== RECORDS SHOWN

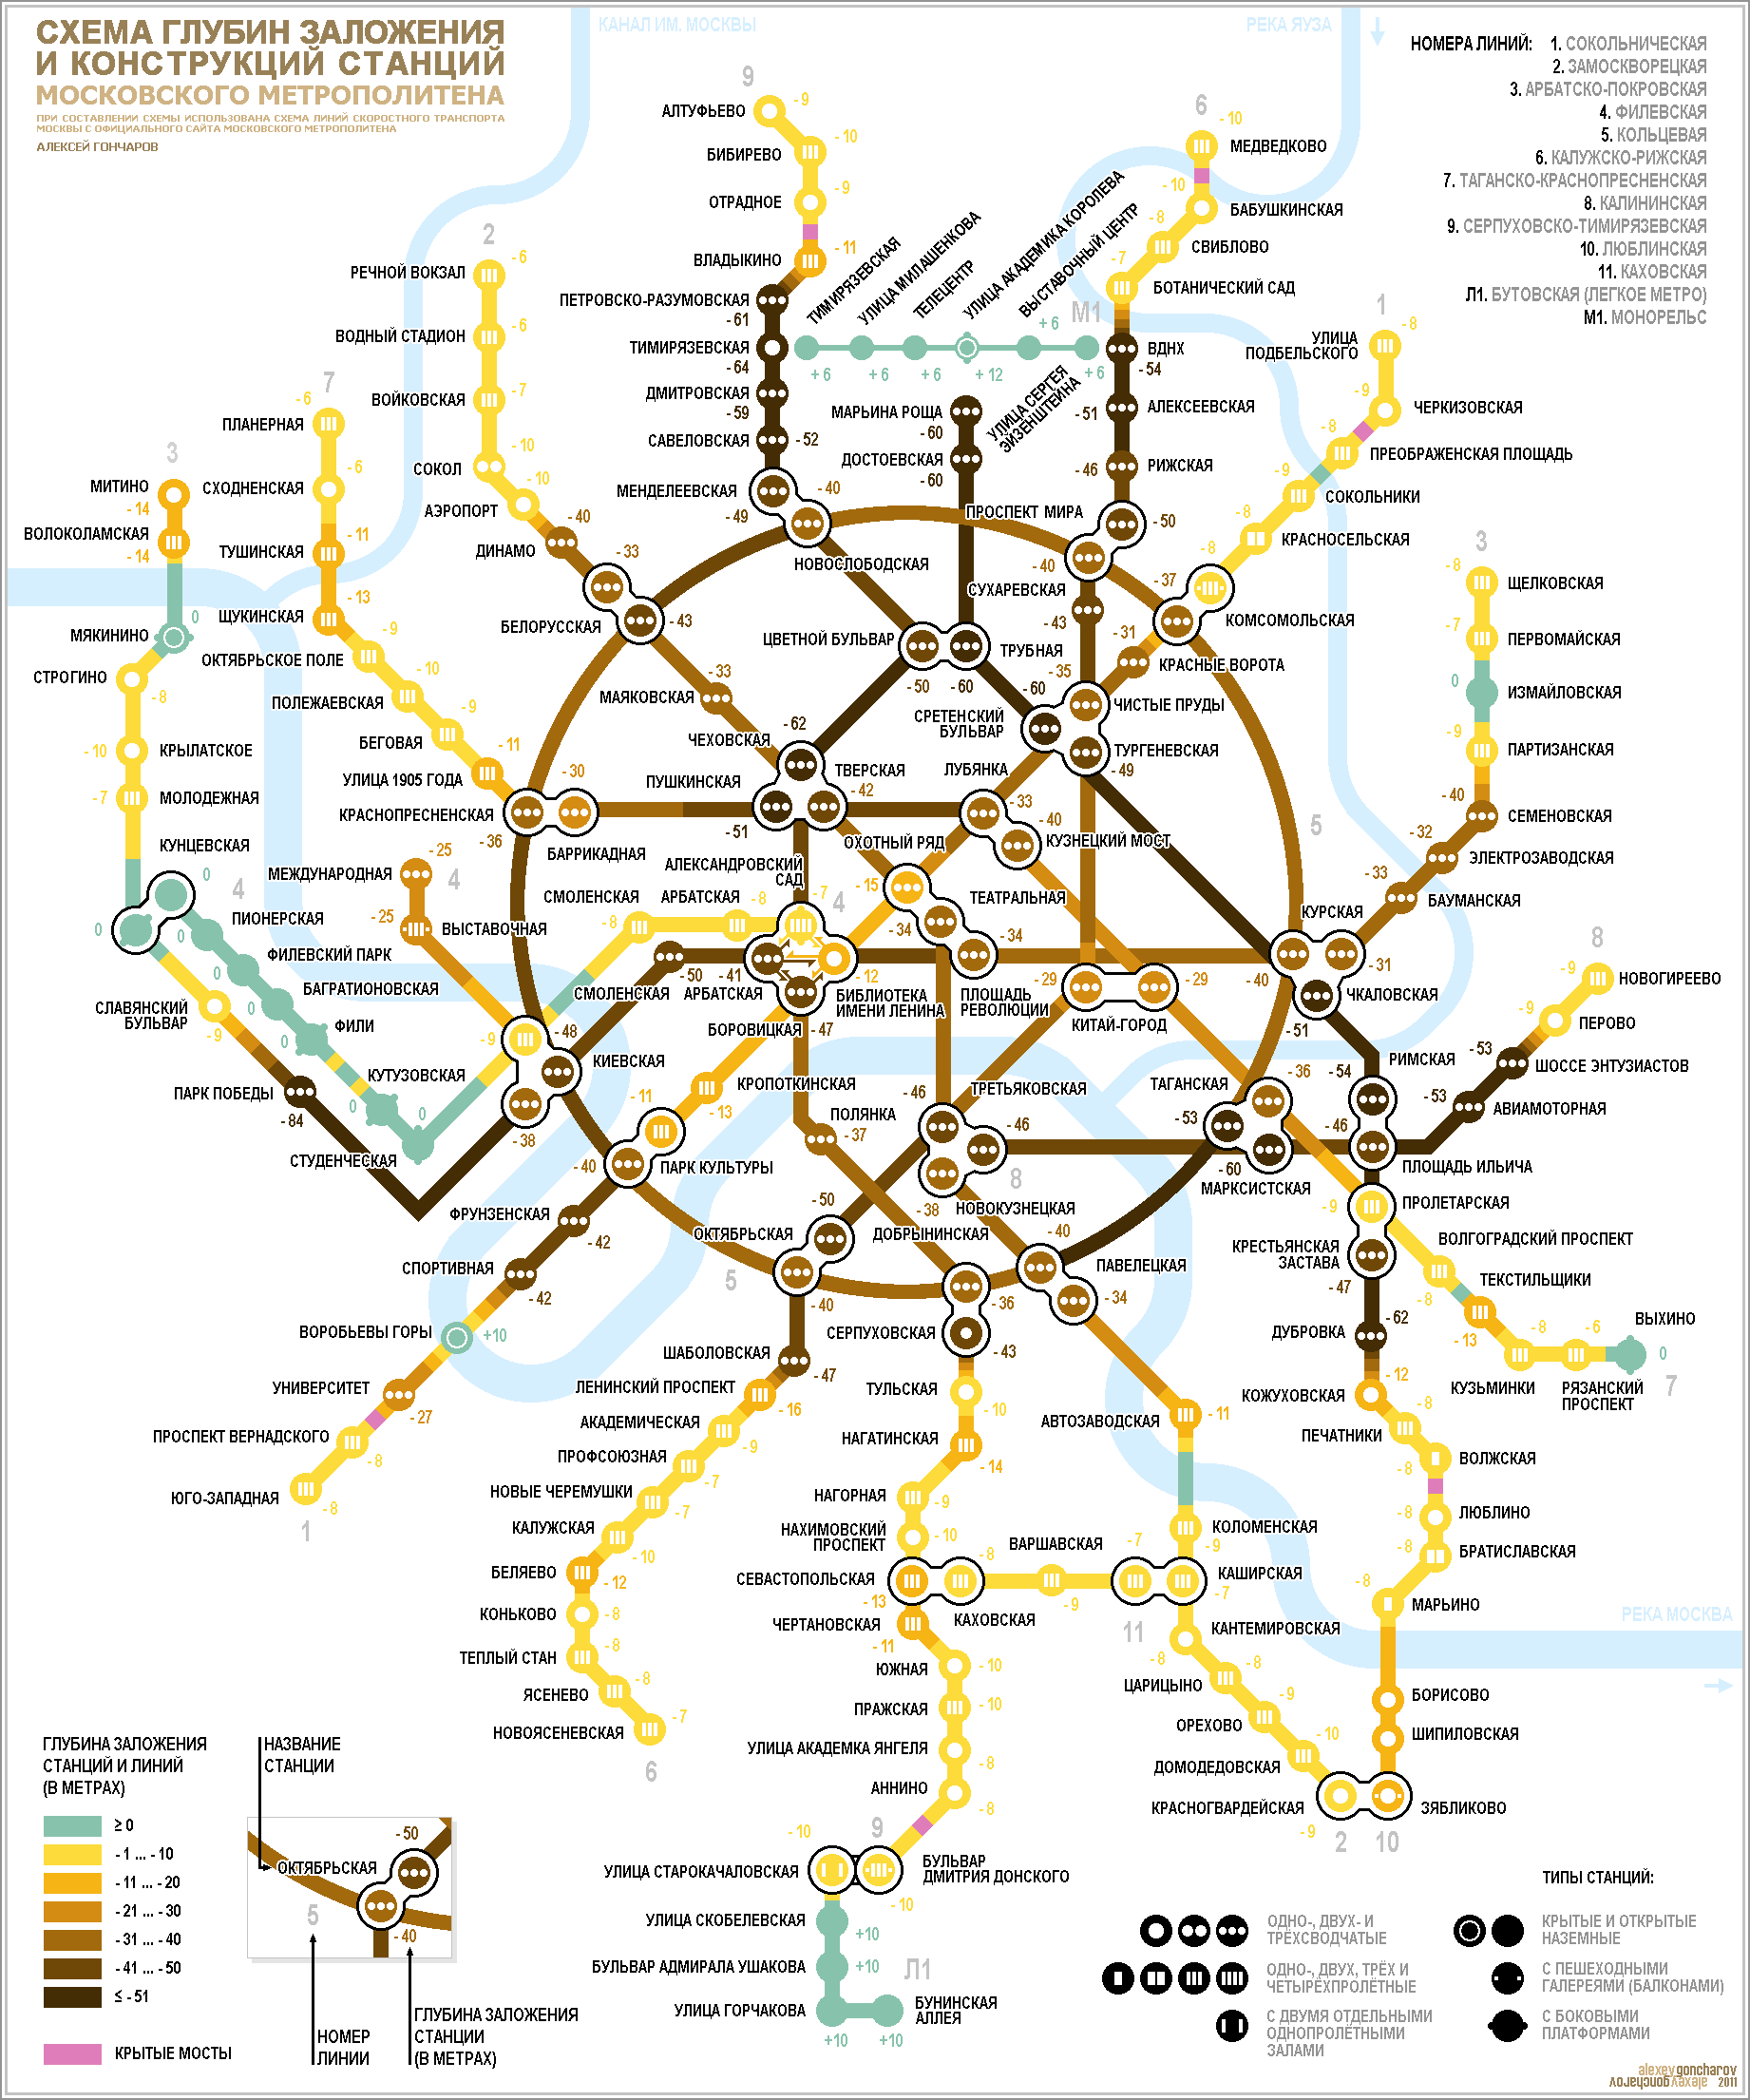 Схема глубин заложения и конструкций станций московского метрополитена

====
== RECORDS SHOWN

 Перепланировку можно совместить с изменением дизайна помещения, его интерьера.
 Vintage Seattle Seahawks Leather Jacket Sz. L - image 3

====

*YOUR TASK:*
Everything above from the line with "Перепланировку можно совместить" to the line with "Vintage Seattle Seahawks", both included, must be repeated exactly, and nothing outside that range.

*OUTPUT OF THE TASK:*
 Перепланировку можно совместить с изменением дизайна помещения, его интерьера.
 Vintage Seattle Seahawks Leather Jacket Sz. L - image 3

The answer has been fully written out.